Мы старались в каждый момент давать нашим бойцам точные инструкции, поднимать их моральный дух, стремились не попадать на глаза врагу, соответствующим образом маскироваться, хранить полное молчание, подавлять в себе страх, вступать в бой очень осмотрительно, не тратить зря боеприпасы, создавать хорошо оборудованные укрытия и ждать там врага, чтобы нанести ему потери и одновременно не позволить нанести потери нам. Нам часто приходилось завтракать в обед, поскольку приготовление еды было связано с большими сложностями. Конечно, партизаны обязательно носили с собой сахар, какие-нибудь сладости, немного мяса, это нас очень спасало. Но мы были вынуждены строго контролировать количество еды, которую мы несли с собой. Дело дошло до того, что во время одного из наших поспешных отступлений мы приказали всем выбросить что-нибудь из еды, для того чтобы облегчить вес вещмешков.

Есть только одна причина, которая может объяснить такие потери армии. Обычно они являлись для нас мишенями, а мы для них – нет, поскольку мы всегда скрывались среди камней, в кустарнике, складках местности, расщелинах гор. Поэтому мы обнаруживали их присутствие, ведь перемещение крупных сил невозможно скрыть, а мы их ждали. А когда мы начинали уходить в другом направлении, то они не могли сразу обнаружить наше отступление и продолжали искать в том же месте. А мы в это время поджидали их в другом месте, мы одерживали победы даже на той местности, которая, как казалось, была благоприятной для них, и всё потому, что они были вынуждены слишком распылять свои силы. Вот это и являлось их главной ошибкой. Ведь это они были преследователями. А раз они вели преследование, то они обязаны были подумать о возможных потерях…». Преследование не всегда является неожиданностью, в ходе преследования вполне возможно зримо представлять маршрут передвижения врага. Неожиданностью является ожидание. Именно в засаде обнаруживается передвижение того, кто ведёт преследование. В поведении преследуемого и преследователя есть своя логика. Преследуемый выжидает, для того чтобы защитить свою жизнь, а потом он убегает с этой же целью. Преследователем овладевает охотничий азарт, он стремится убить преследуемого. Тогда преследуемый снова ждёт, чтобы нанести потери преследователю. Вот тогда пыл преследователя несколько остывает.

«Что касается того эксперимента, который был проведён в ходе перехода к Центральной Кордильере, то я полагаю, что он раскрывает загадку и причину неудач всех наших предшествующих попыток. Среди прочего, это недисциплинированность при переходах, недисциплинированность в местах отдыха и ночёвок, недисциплинированность в отношениях с гражданским населением – всё это и оборачивалось многими неудачами, а они, в свою очередь, вели к потере ценных кадров и оружия.
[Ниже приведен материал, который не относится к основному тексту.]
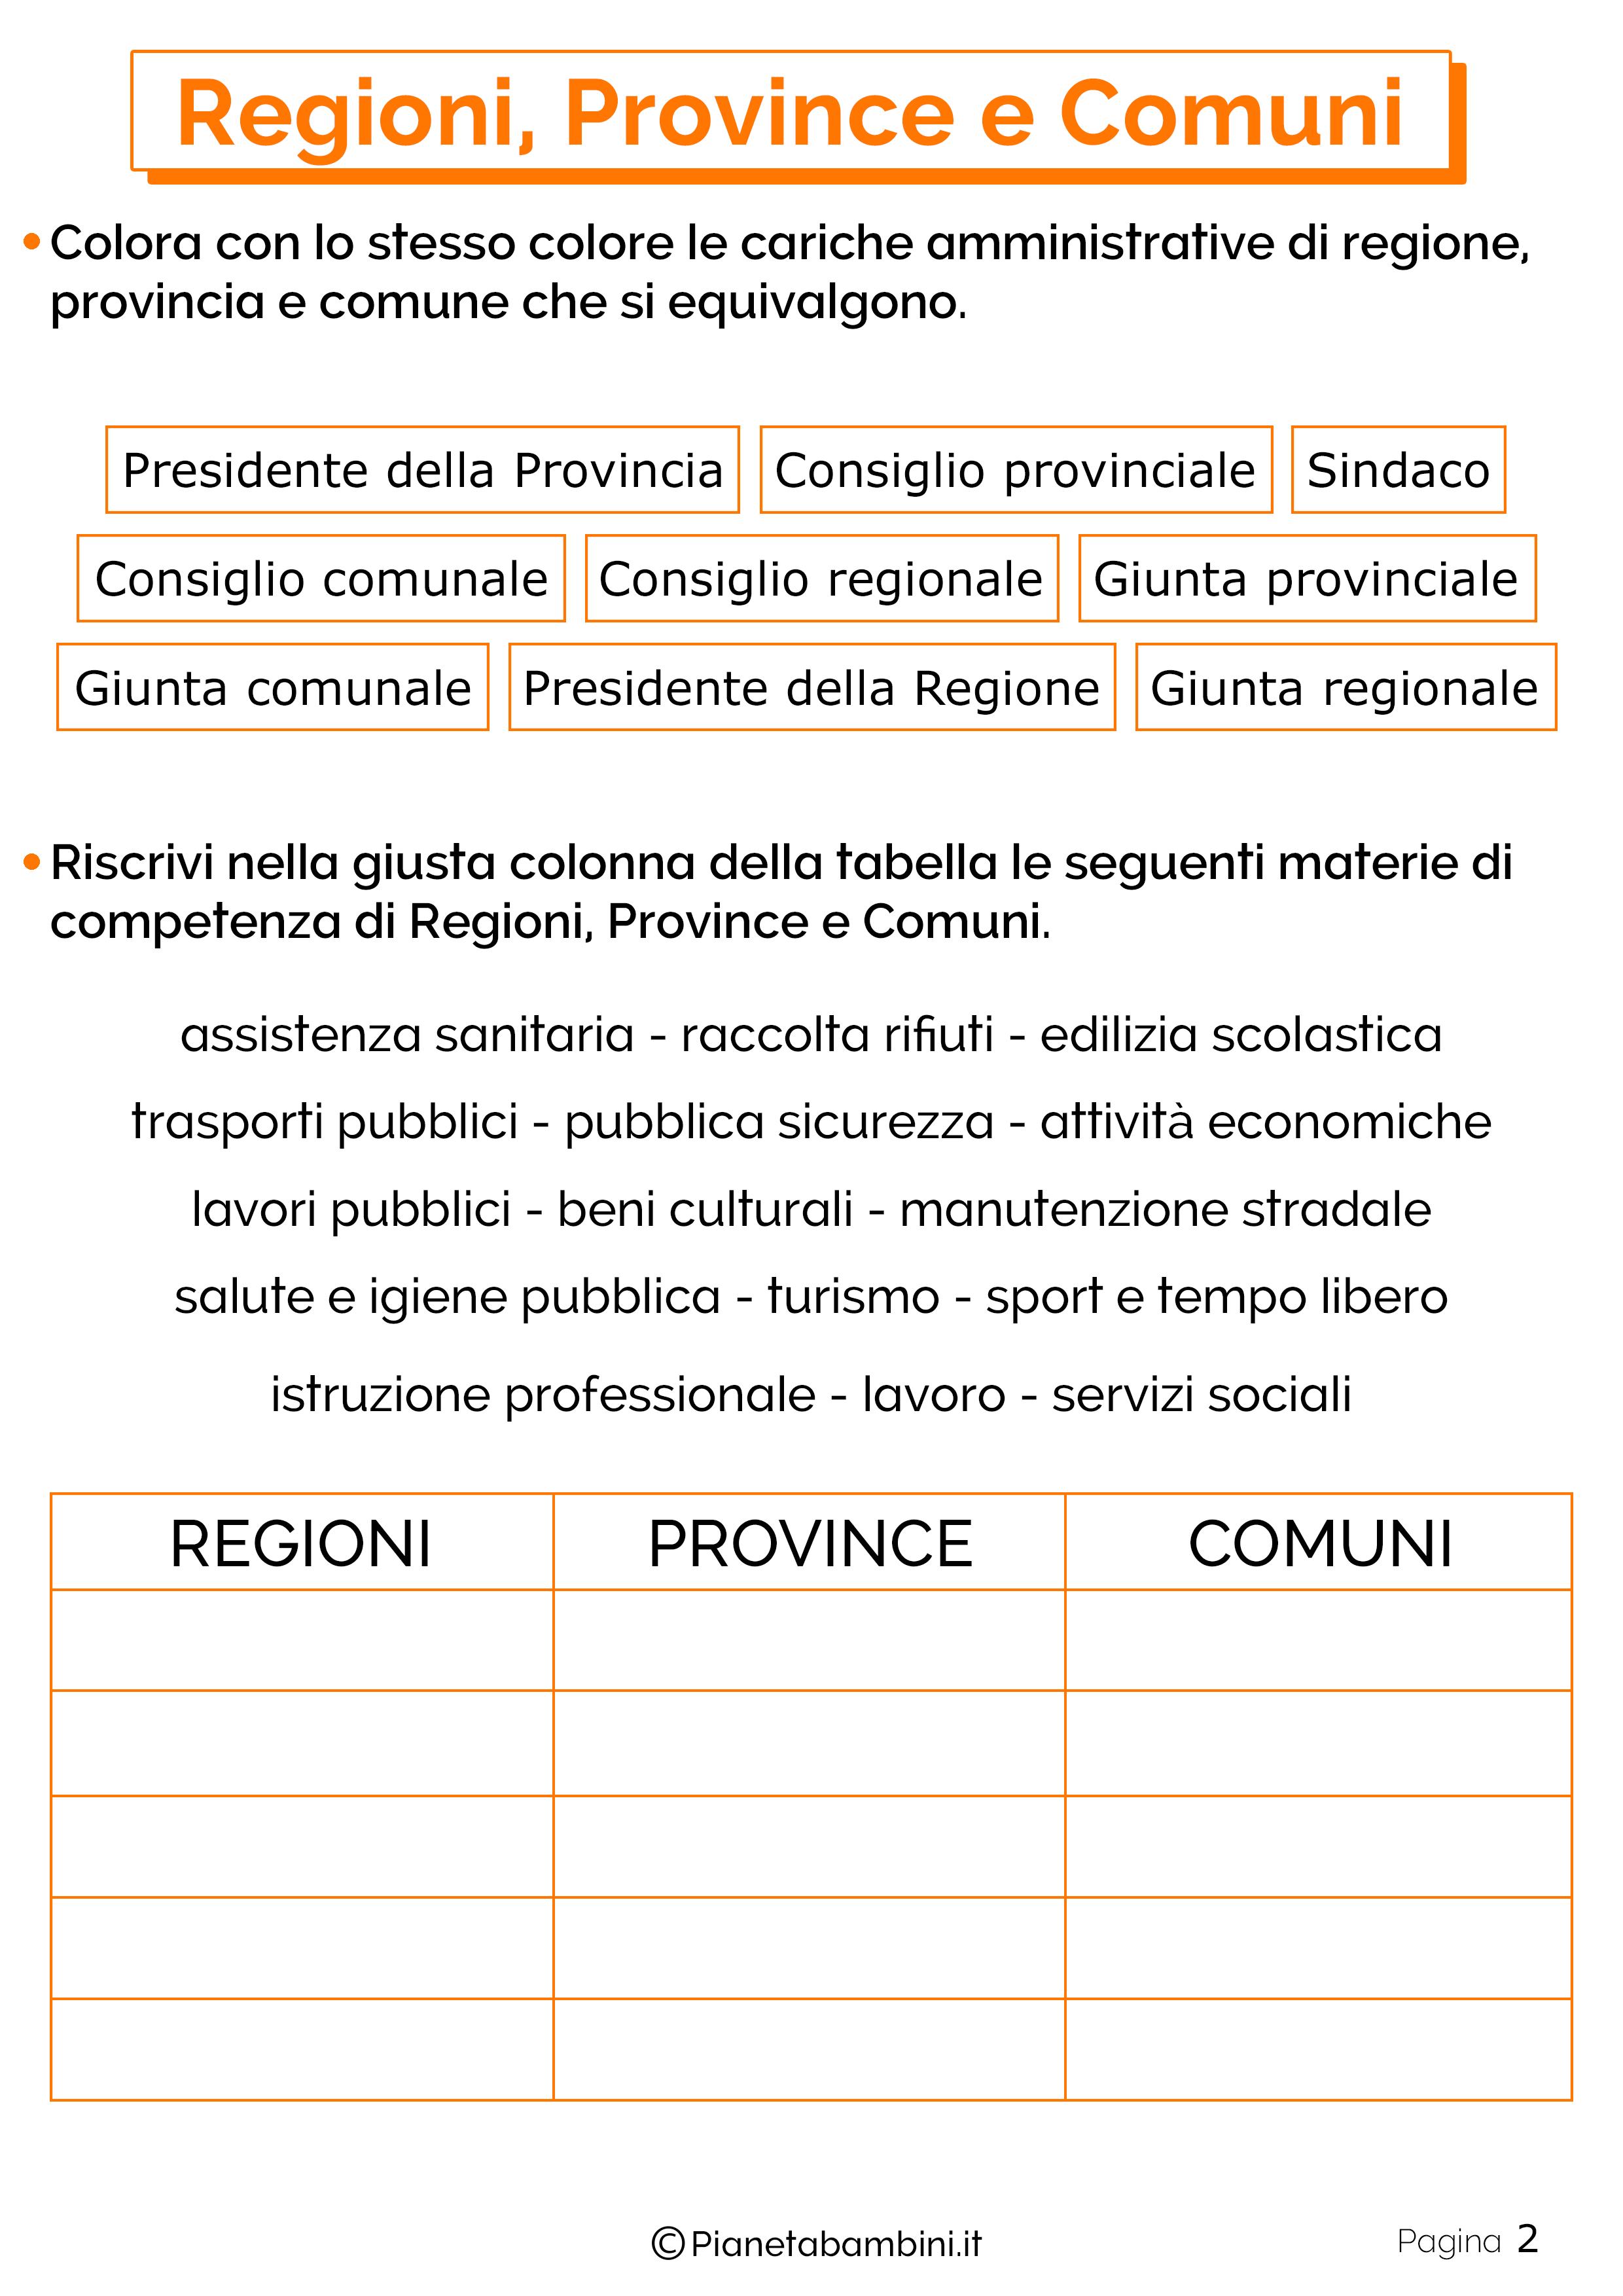 Esercizi su Regioni Province e Comuni 2
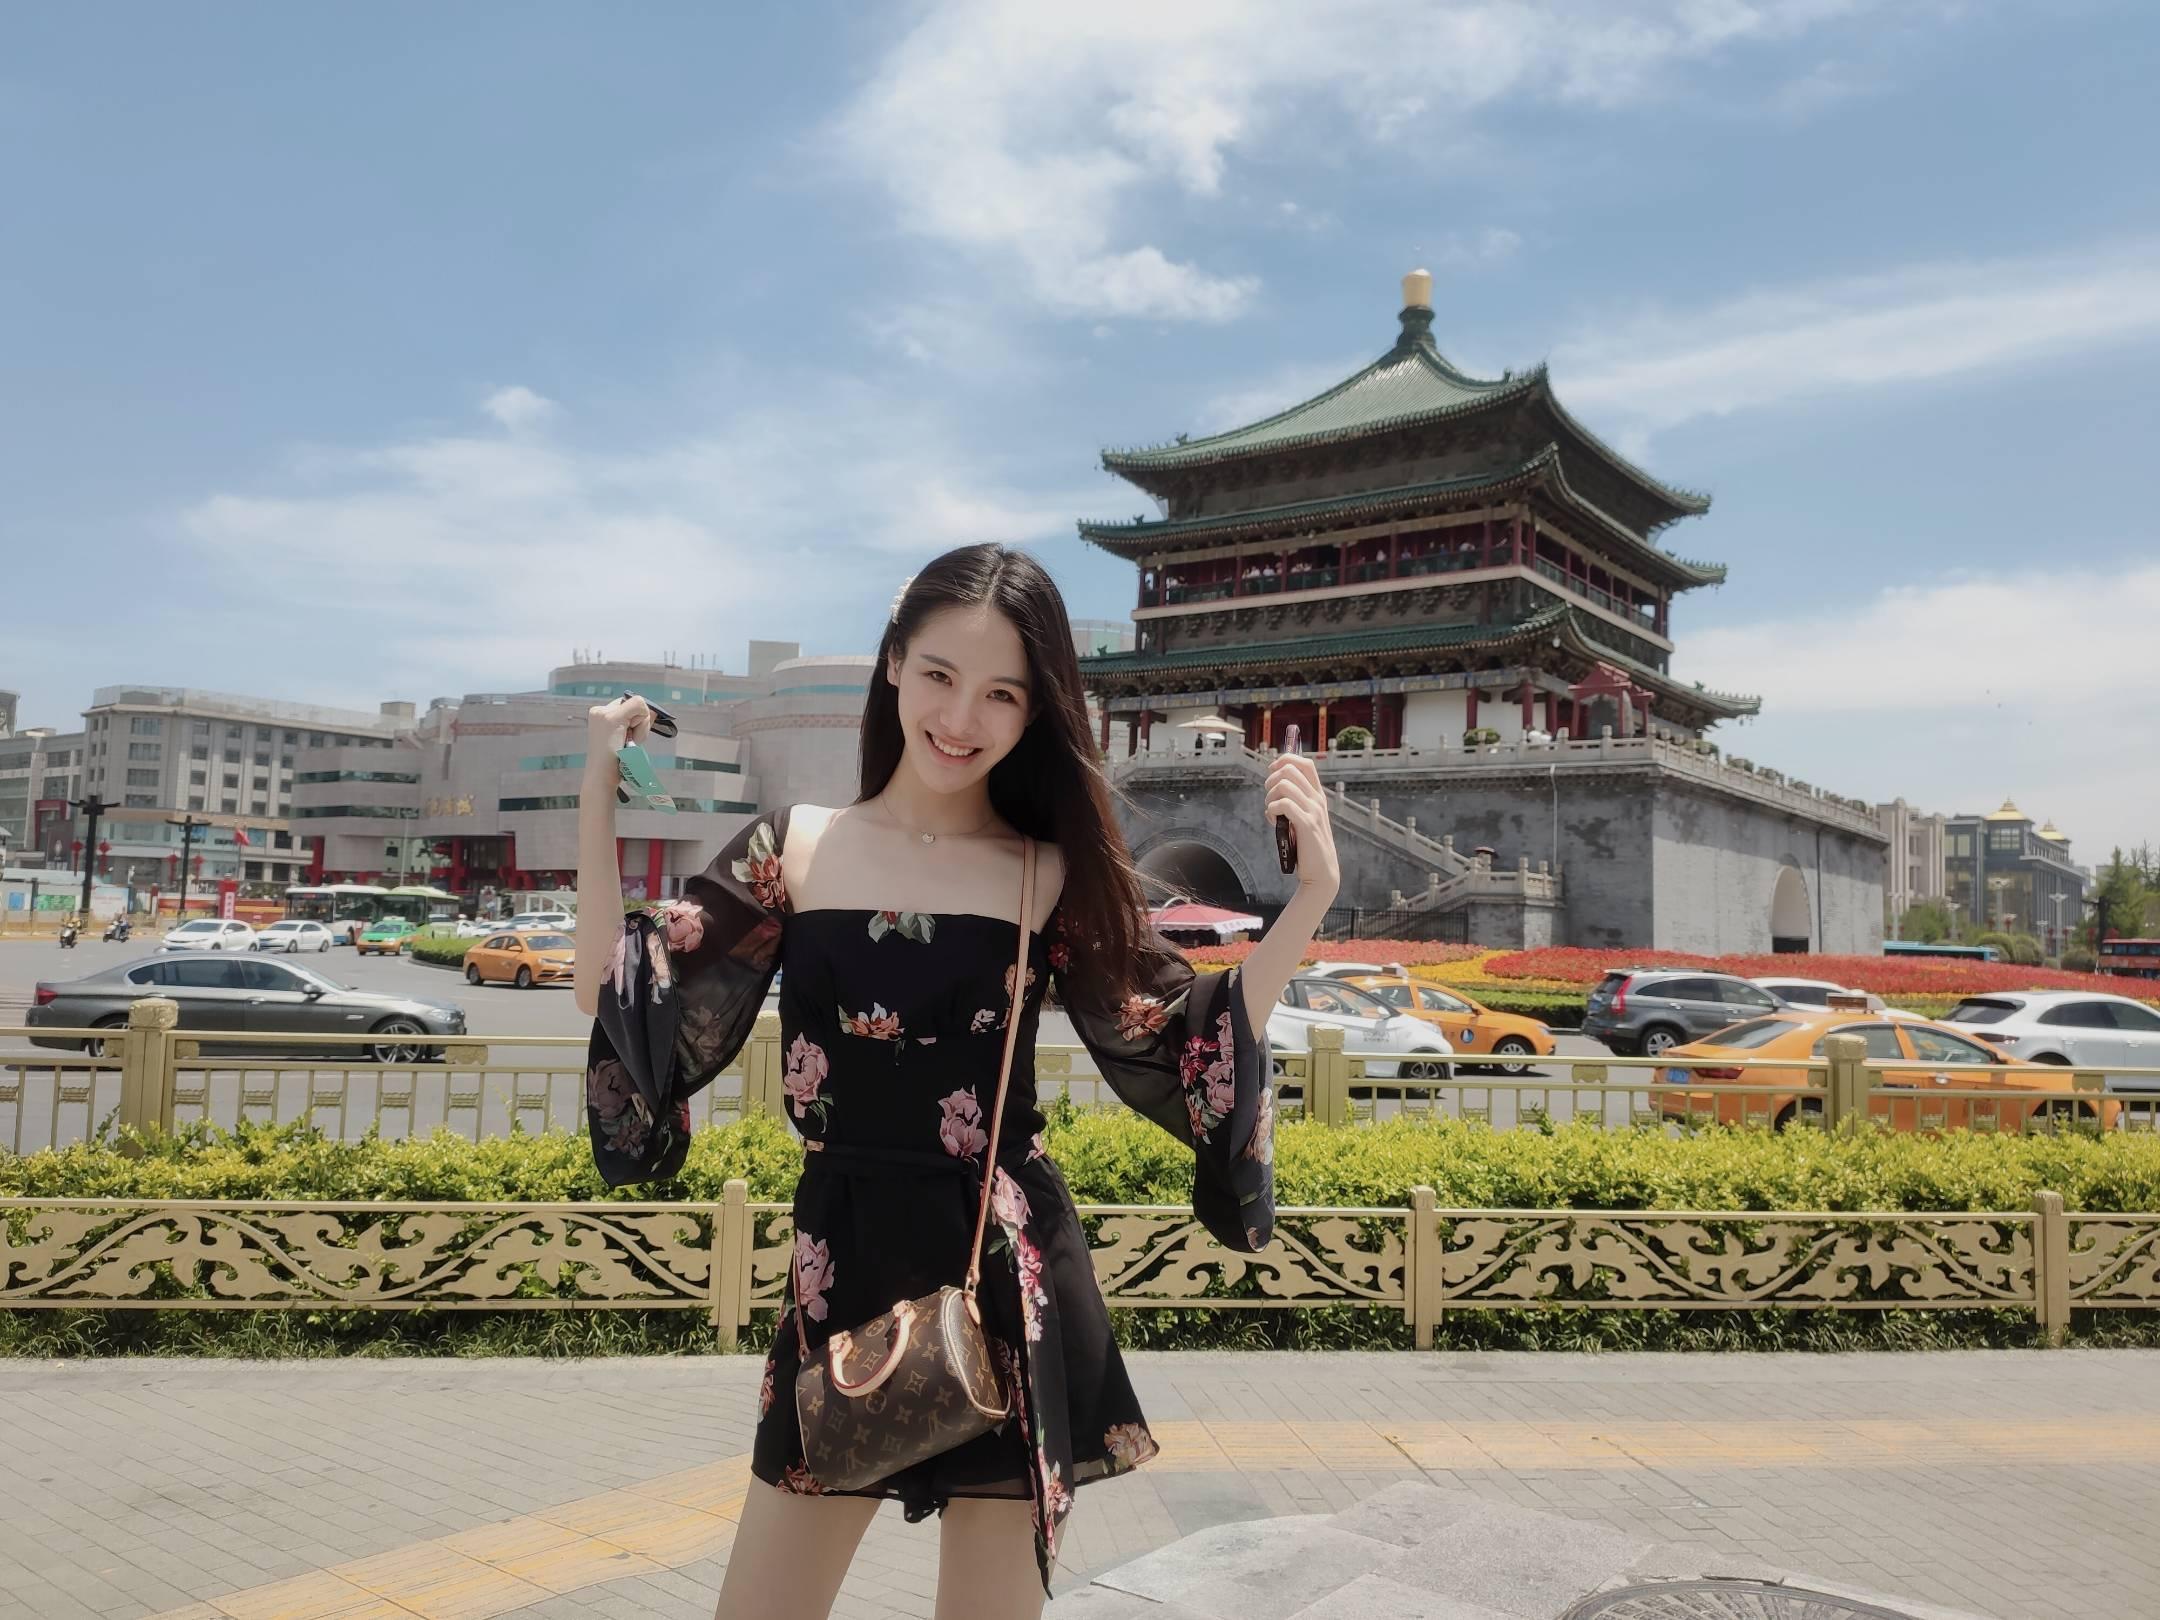 上海  毕业于复旦 内向 不喜欢参加社交活动的不喜欢去人多的地方 喜欢跑步喜欢猫喜欢睡觉喜欢看书和旅游  喜欢的类型:喜欢猫 喜欢跑步 游泳 喜欢温柔有礼貌的男生

С чего всё начиналось? С того, что в походном лагере появлялись какие-то приглашённые в гости, мужчины и женщины из числа местного населения, а вместе с ними появлялась и бутылка водки, потом в ходе застолья часто невольно выбалтывалось то, что вот, мол, завтра мы идём туда-то, что в таком-то часу будем готовить еду, одним словом, язык за зубами не держали. И вот этот-то либерализм и обошёлся нам провалом трёх попыток вернуться к Центральной Кордильере. Эту мысль я могу пояснить более ясно: дело было не в армии, не в массах, причины наших неудач крылись в нашем же поведении при реализации тех планов, тех задач, которые должны были осуществляться в районе Центральной Кордильеры.